Find the largest subarray with 0 sum

3.3

Given an array of integers, find length of the largest subarray with sum equals to 0.

Examples:

Input: arr[] = {15, -2, 2, -8, 1, 7, 10, 23};
Output: 5
The largest subarray with 0 sum is -2, 2, -8, 1, 7

Input: arr[] = {1, 2, 3}
Output: 0
There is no subarray with 0 sum

Input: arr[] = {1, 0, 3}
Output: 1

A simple solution is to consider all subarrays one by one and check the sum of every subarray. We can run two loops: the outer loop picks a starting point i and the inner loop tries all subarrays starting from i. Time complexity of this method is O(n2).
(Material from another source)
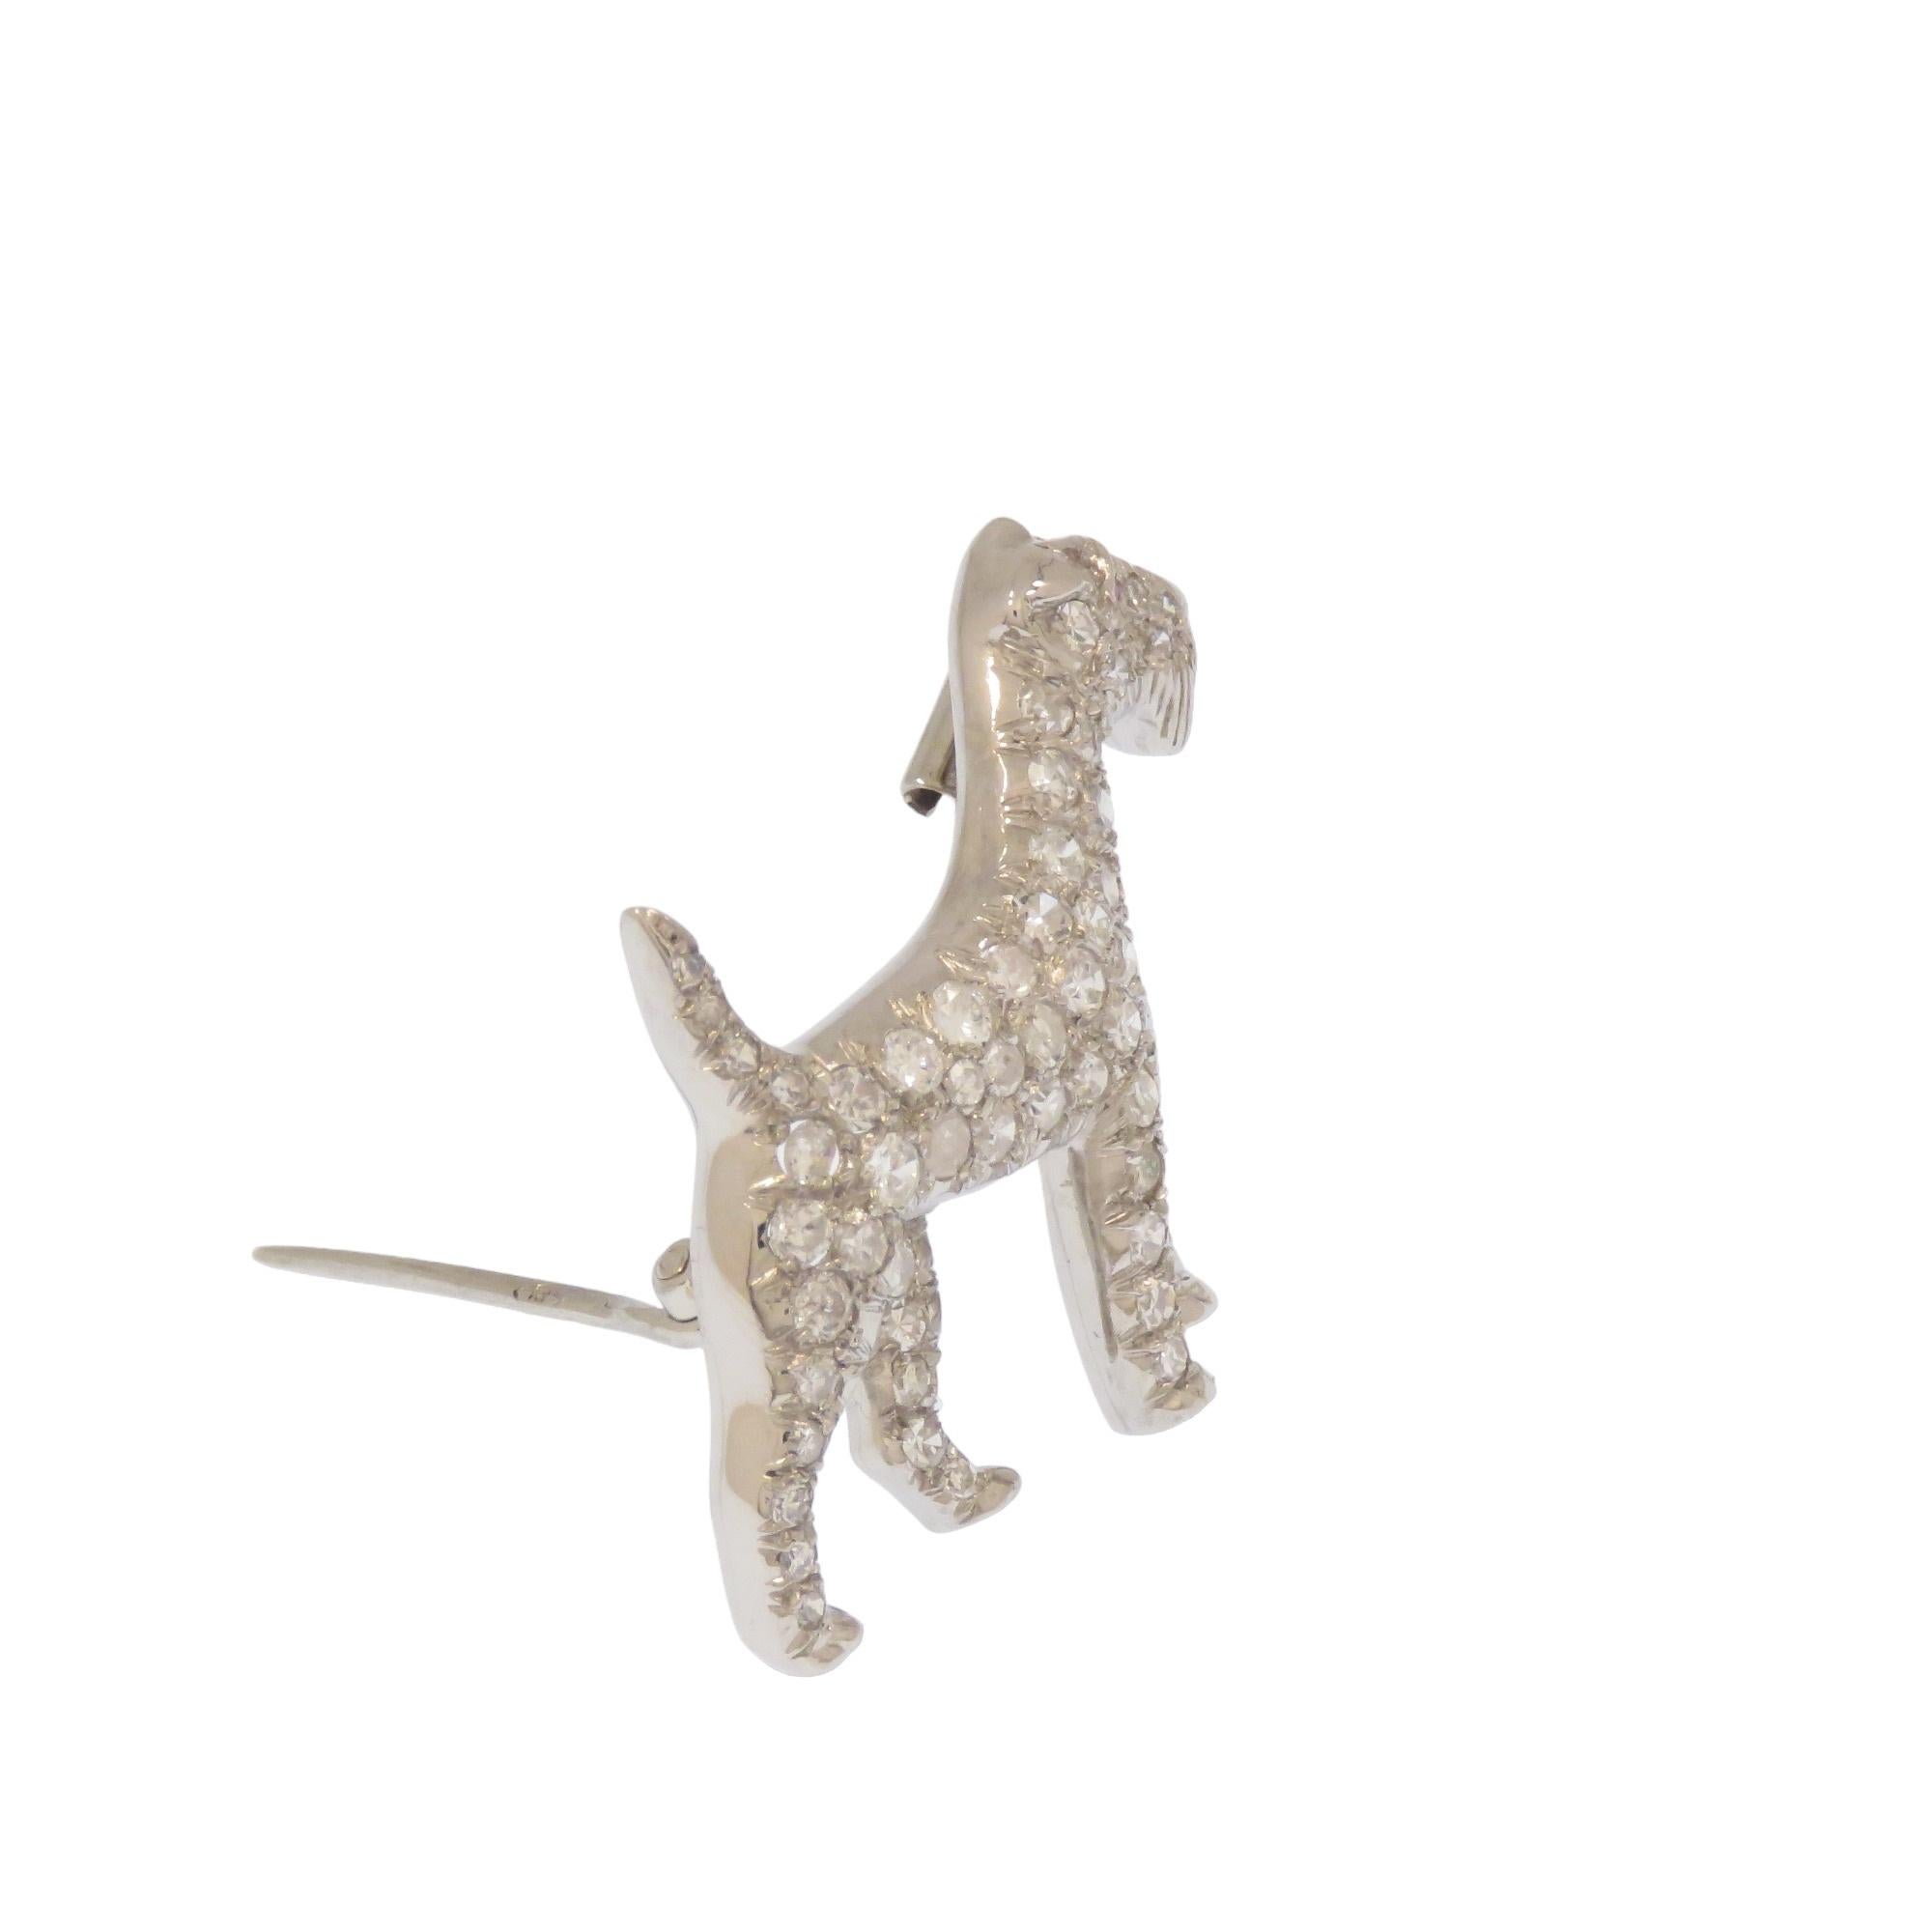 Adorabile spilla di cane Airedale lavorata a mano in platino con incastonati su tutto il corpo 60 diamanti di 1.5 carati circa. Prodotta da esperti orafi nel 1970 circa. La spilla ha sul retro un supporto con perno a cerniera e chiusura a pressione.

Below are implementations of this solution.

C/C++

/* A simple C++ program to find largest subarray with 0 sum */
#include<bits/stdc++.h>
using namespace std;

// Returns length of the largest subarray with 0 sum
int maxLen(int arr[], int n)
{
    int max_len = 0; // Initialize result

    // Pick a starting point
    for (int i = 0; i < n; i++)
    {
        // Initialize currr_sum for every starting point
        int curr_sum = 0;

        // try all subarrays starting with 'i'
        for (int j = i; j < n; j++)
        {
            curr_sum += arr[j];

            // If curr_sum becomes 0, then update max_len
            // if required
            if (curr_sum == 0)
               max_len = max(max_len, j-i+1);
        }
    }
    return max_len;
}

// Driver program to test above function
int main()
{
    int arr[] = {15, -2, 2, -8, 1, 7, 10, 23};
    int n = sizeof(arr)/sizeof(arr[0]);
    cout << "Length of the longest 0 sum subarray is " 
         << maxLen(arr, n);
    return 0;
}

Java

// Java code to find the largest subarray
// with 0 sum
class GFG
{
// Returns length of the largest subarray
// with 0 sum
static int maxLen(int arr[], int n)
{
    int max_len = 0; 

    // Pick a starting point
    for (int i = 0; i < n; i++)
    {
        // Initialize curr_sum for every
        // starting point
        int curr_sum = 0;

        // try all subarrays starting with 'i'
        for (int j = i; j < n; j++)
        {
            curr_sum += arr[j];

            // If curr_sum becomes 0, then update
            // max_len
            if (curr_sum == 0)
                max_len = Math.max(max_len, j-i+1);
        }
    }
    return max_len;
}
    
public static void main(String args[])
{ 
    int arr[] = {15, -2, 2, -8, 1, 7, 10, 23};
    int n = arr.length;
    System.out.println("Length of the longest 0 sum "+
                       "subarray is "+ maxLen(arr, n));     
}
}
// This code is contributed by Kamal Rawal

Python

# Python program to find the length of largest subarray with 0 sum

# returns the length
def maxLen(arr):
    
    # initialize result
    max_len = 0

    # pick a starting point
    for i in range(len(arr)):
        
        # initialize sum for every starting point
        curr_sum = 0
        
        # try all subarrays starting with 'i'
        for j in range(i, len(arr)):
        
            curr_sum += arr[j]

            # if curr_sum becomes 0, then update max_len
            if curr_sum == 0:
                max_len = max(max_len, j-i+1)

    return max_len


# test array
arr = [15, -2, 2, -8, 1, 7, 10, 13]

print "Length of the longest 0 sum subarray is %d" %  maxLen(arr) 

Output:

Length of the longest 0 sum subarray is 5

We can Use Hashing to solve this problem in O(n) time. The idea is to iterate through the array and for every element arr[i], calculate sum of elements form 0 to i (this can simply be done as sum += arr[i]). If the current sum has been seen before, then there is a zero sum array. Hashing is used to store the sum values, so that we can quickly store sum and find out whether the current sum is seen before or not.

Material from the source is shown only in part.